Sánchez y Meloni: remando en contra de la marea de La Bestia
Dos líderes europeos, una inesperada coincidencia frente a la embestida de Trump

Redacción · Más España


La semana política se ha convertido en un ring de reflejos y banderas. Según la crónica de El Mundo, la extrema derecha italiana de Giorgia Meloni y el socialismo variable de Pedro Sánchez han acabado, de forma inesperada, remando en la misma dirección: plantar un 'no' frente a la guerra que impulsa La Bestia, la retórica de Trump.
No hablamos de una alianza programada ni de una fusión de doctrinas: hablamos de dos líderes que, contra todo pronóstico y con partituras distintas, han exhibido buenos reflejos. El propio texto periodístico lo subraya: ambos han demostrado tener buenos reflejos. Esa coincidencia, improbable y circunscrita, es todo lo que hay: un gesto público que busca contener una escalada que, para algunos actores externos, resulta atractiva y rentable.
La Bestia, en la versión que recoge la noticia, no disimula su aspereza: «España no sabe jugar en equipo», llega a decir, con dramatismo y desplante.
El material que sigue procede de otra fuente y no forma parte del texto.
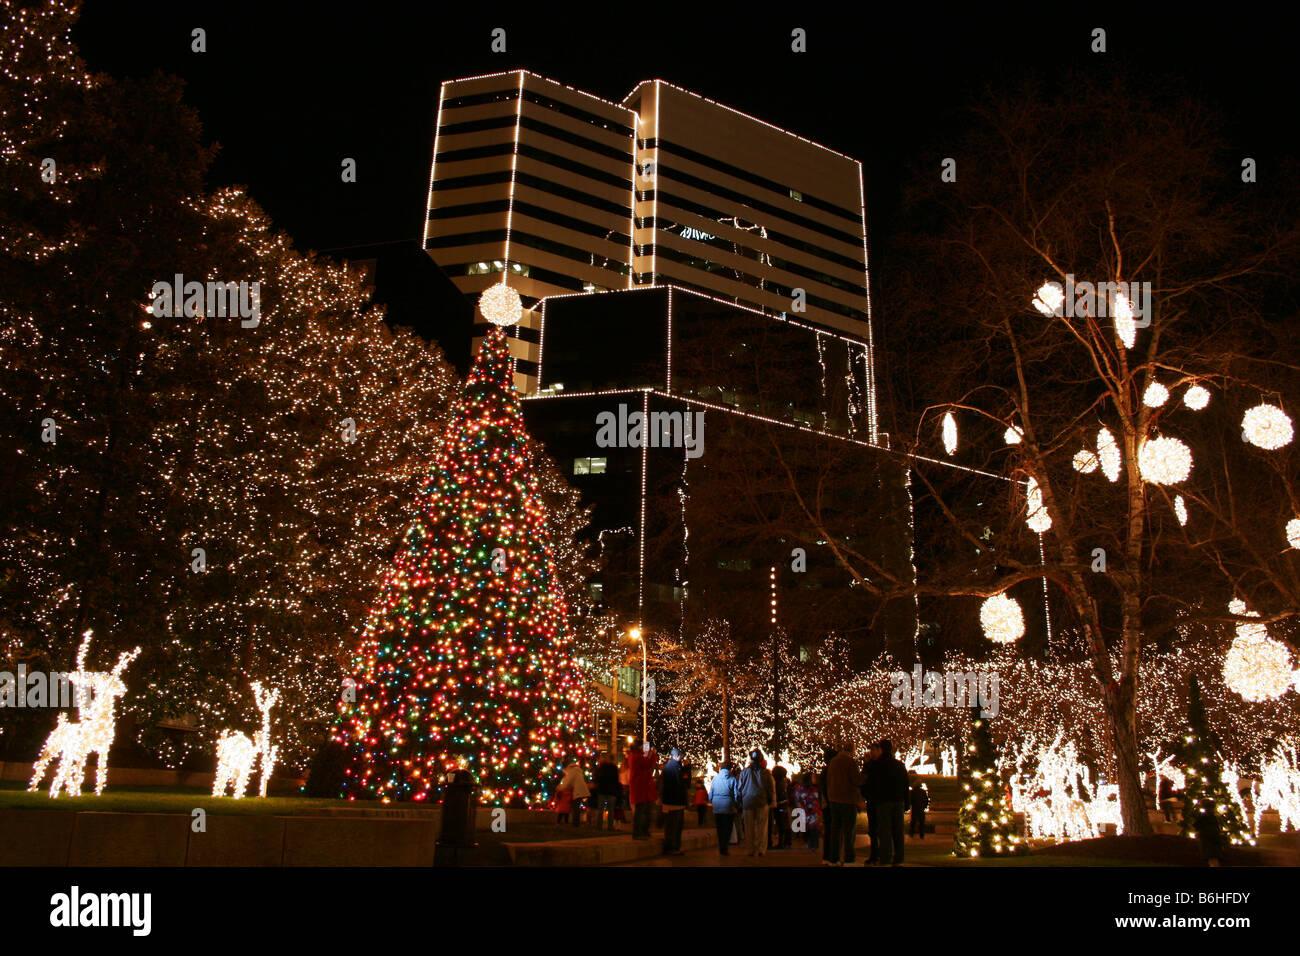 Christmas Lighting Richmond Va.Christmas Lights In Downtown Richmond Virginia Stock Photo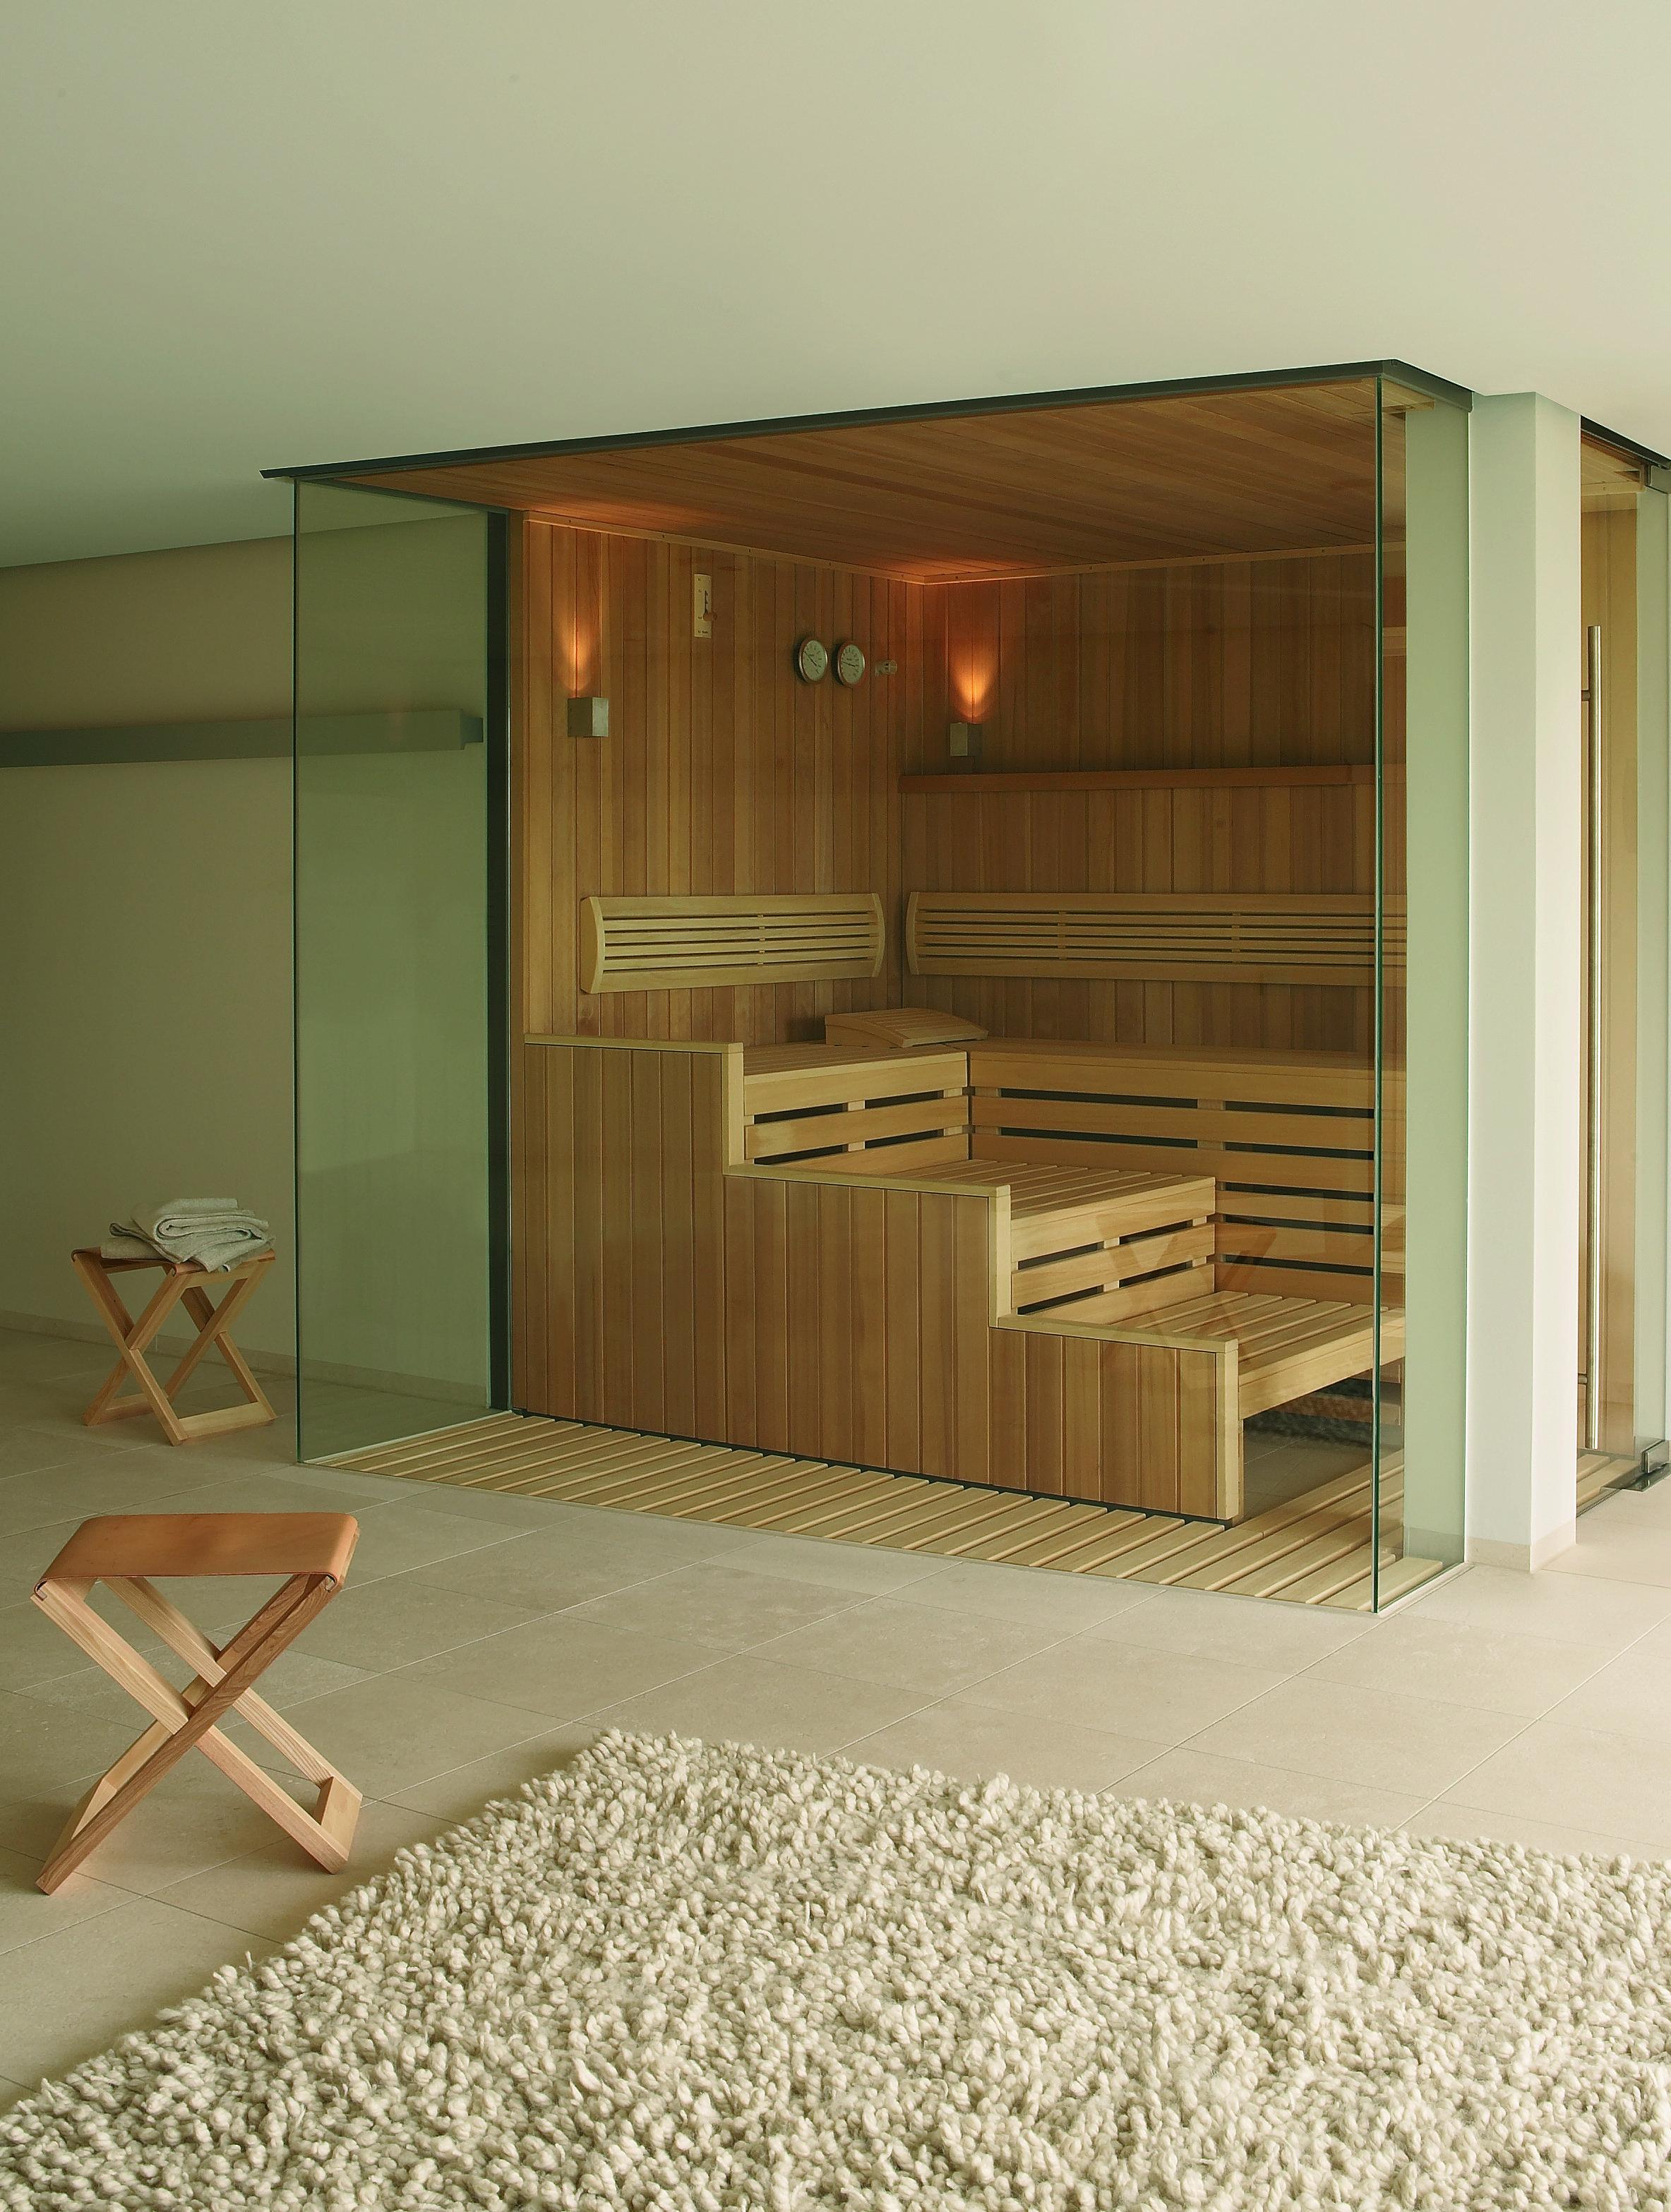 klafs gmbh co kg ostseesuche com. Black Bedroom Furniture Sets. Home Design Ideas

Y sin embargo Sánchez, desplegando sus habituales trucos de gobernante, ha logrado colocar el golpe de efecto que buscaba: proclamar un mensaje que puede leerse como prudente y, a la vez, como rechazo a esta guerra. No es un pacifismo exaltado; es, según la reseña, una negativa calculada: "No a la guerra".
No faltan los contrapuntos domésticos. Alberto Núñez Feijóo reacciona veloz y acusa al presidente: "Como siempre, Sánchez miente". La crónica lo presenta como un latigazo clásico de la oposición: frase breve, contundente, y cargada de poco contenido concreto, pero útil para la contienda política interna. El debate, en esta clave, deja de ser sólo internacional para convertirse en tablero de juego nacional.
También aparece en la narración un dato de obligaciones: España dispone su mejor fragata para ir a Chipre, cumpliendo con la OTAN y la Unión Europea. Es un gesto operativo que, en la lectura pública, intenta conciliar compromiso internacional y retórica contraria a una intervención desmedida. Sánchez no se arriesga, se nos dice, a incumplir con aliados; actúa dentro del marco institucional europeo.
Meloni, por su parte, según la pieza, rechaza el arrebato belicista de algunos —y el texto recuerda el eco de Marinetti sobre la glorificación de la guerra— para exhibir una oposición reglamentaria a la guerra. No es un canto pacifista florido: es una negativa cuidadosa, una manera de usar otros medios para preservar la libertad sin abrazar la furia destructora.
El contraste final que traza la crónica es nítido: frente a la "guerra de intestinos sueltos" que propugna La Bestia, Sánchez y Meloni plantean una estabilidad internacional del no. No se alían por convicción común, sino por prudencia convergente. Van remando a contrapelo, sostiene el artículo: cada uno con su partitura, cada uno con su calculada mala gana hacia misiles, desplazados y muertos.
No cabe aquí sacar lecciones más allá de los hechos relatados: una coincidencia táctica entre dos líderes europeos, críticas y réplicas internas que no cesan, y la presencia operativa de España en operaciones colectivas. Todo ello, en el remolino informativo que obliga a leer las señales con cautela y a distinguir la retórica del acto público.